НЕ УМИРАЙ, ОТЕЦ!

Калитка поддалась, не скрипнув. Пятна света и тени покрывали двор. Тропинка, что вела к порогу дома, петляла по ковру настурции и густым зарослям какого-то другого растения, соцветия которого напоминали красные букеты. Сделав несколько шагов, я остановился. Я увидел отца. Он сидел на приступке крыльца, рядом стояла большая корзина. Он отдыхал. Простоволосый, в белой, расстегнутой на груди рубахе с подвернутыми рукавами, босой. Вероятно, собирал в саду яблоки и груши, вернулся и сел передохнуть, вспомнить былое. С тех пор, как умерли мама и брат, а я переселился в город, мне не раз приходилось заставать его сидящим в раздумье — под ореховым деревом, на камне у ворот или на пеньке перед поленницей. Всегда в эту пору он предавался думам.

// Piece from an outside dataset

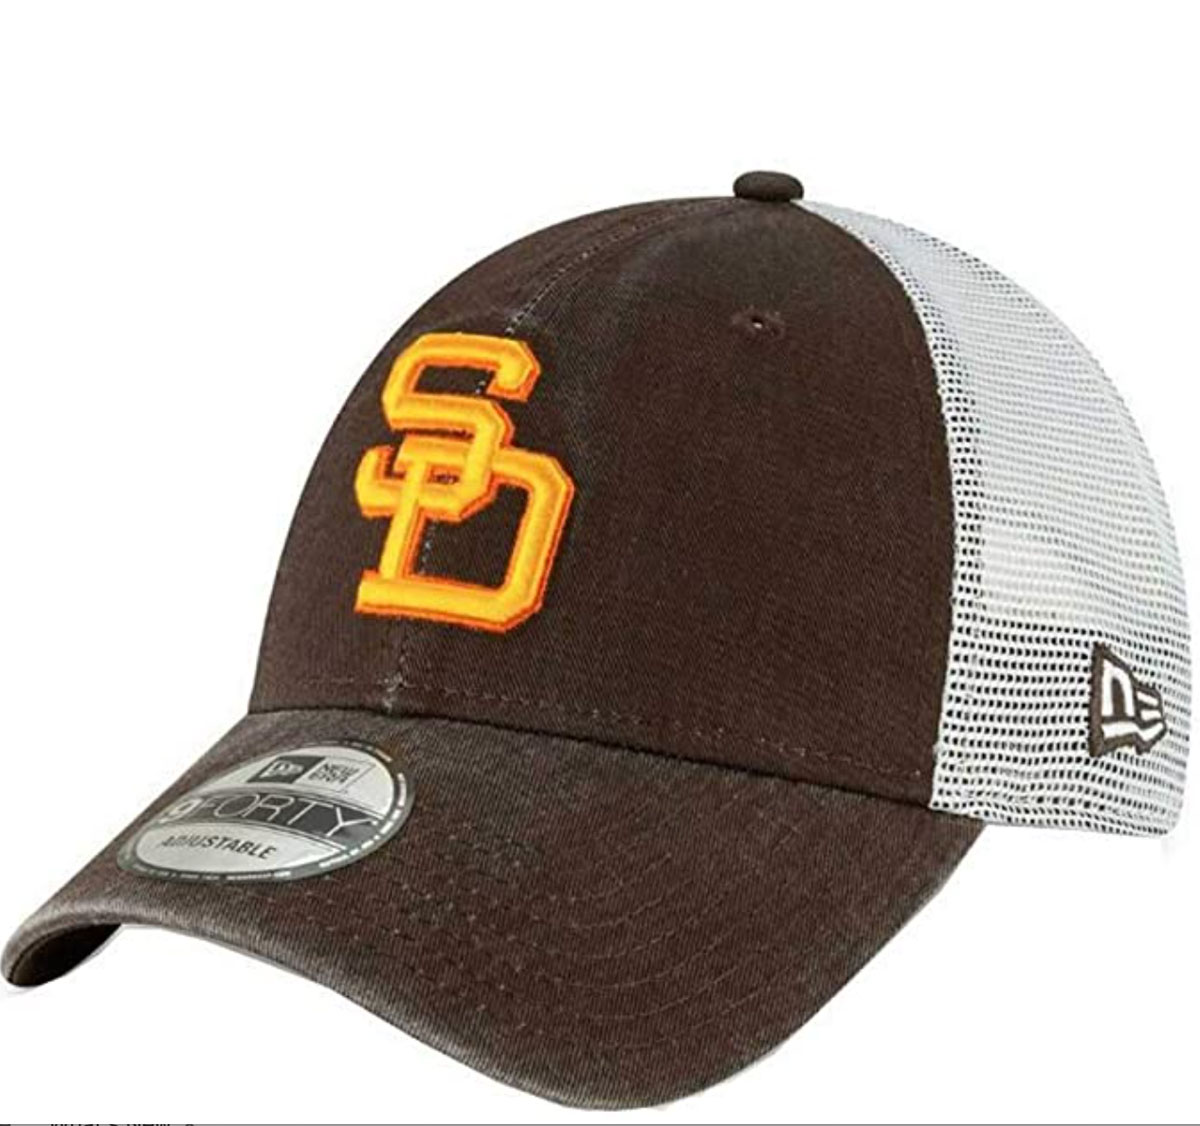 San Diego Padres Snapback Mesh Cap 2014  0ad113af30f

На первый взгляд, дома все было по-старому. Во дворе, как и раньше, царил порядок, он был чисто выметен, виноградная лоза перед домом подрезана, опрыскана медным купоросом, лук высажен ровными рядами на грядки, кусты помидоров подвязаны к колышкам, чтоб не обламывались, копошатся наседки с цыплятами… И все-таки что-то не так. Он, живший здесь постоянно, хорошо знал это. И это наводило его на размышления. Мол, все было и все есть, а вот их — близких, родных людей — не стало. Нету жены — крепкой, проворной, с которой он когда-то жал хлеб возле Трех могил, Багана, Берницы, которая на Симеонов день вставала ни свет, ни заря, чтоб испечь ему свежего хлеба, баницу, зажарить курицу, потому что это был первый день сева и ему надо было идти на ниву, бросать в землю золотые семена… Падает снег, сугробы — по колено, ветки гнутся под тяжестью белых небесных даров. Мороз. Свежепротоптанные стежки посинели от холода. На другом краю села наяривает музыка. Там играют свадьбу. Мать и отец собираются на свадьбу. Мама торопливо пришивает к новой отцовской рубахе пуговицы, присматривается, не длинны ли рукава, не тесен ли ворот. Отец набирает в амбаре крынку отборной пшеницы, берет флягу, полную вина — черного, с серебряной каемкой поверху… Мама надевает черную бархатную жакетку с лисьим воротником и манжетами. Помню, из-за этой жакетки столько было перекоров в доме… Мама сердилась на отца, что купил такую дорогую вещь, мол, чем швырять деньги на ветер, лучше бы подумал о детях… Не богачи, дескать, каждый грош надо беречь. А отцу было любо слушать, как бабы в селе говорят одна другой: «Хорошо Станке, Илия ее наряжает, точно куклу»… Нет больше Станки, нет и Ганчо, любимого сына, который, бывало, гонит буйволиц с пастбища и кричит: «Тятя, погляди, как здорово я их напас!»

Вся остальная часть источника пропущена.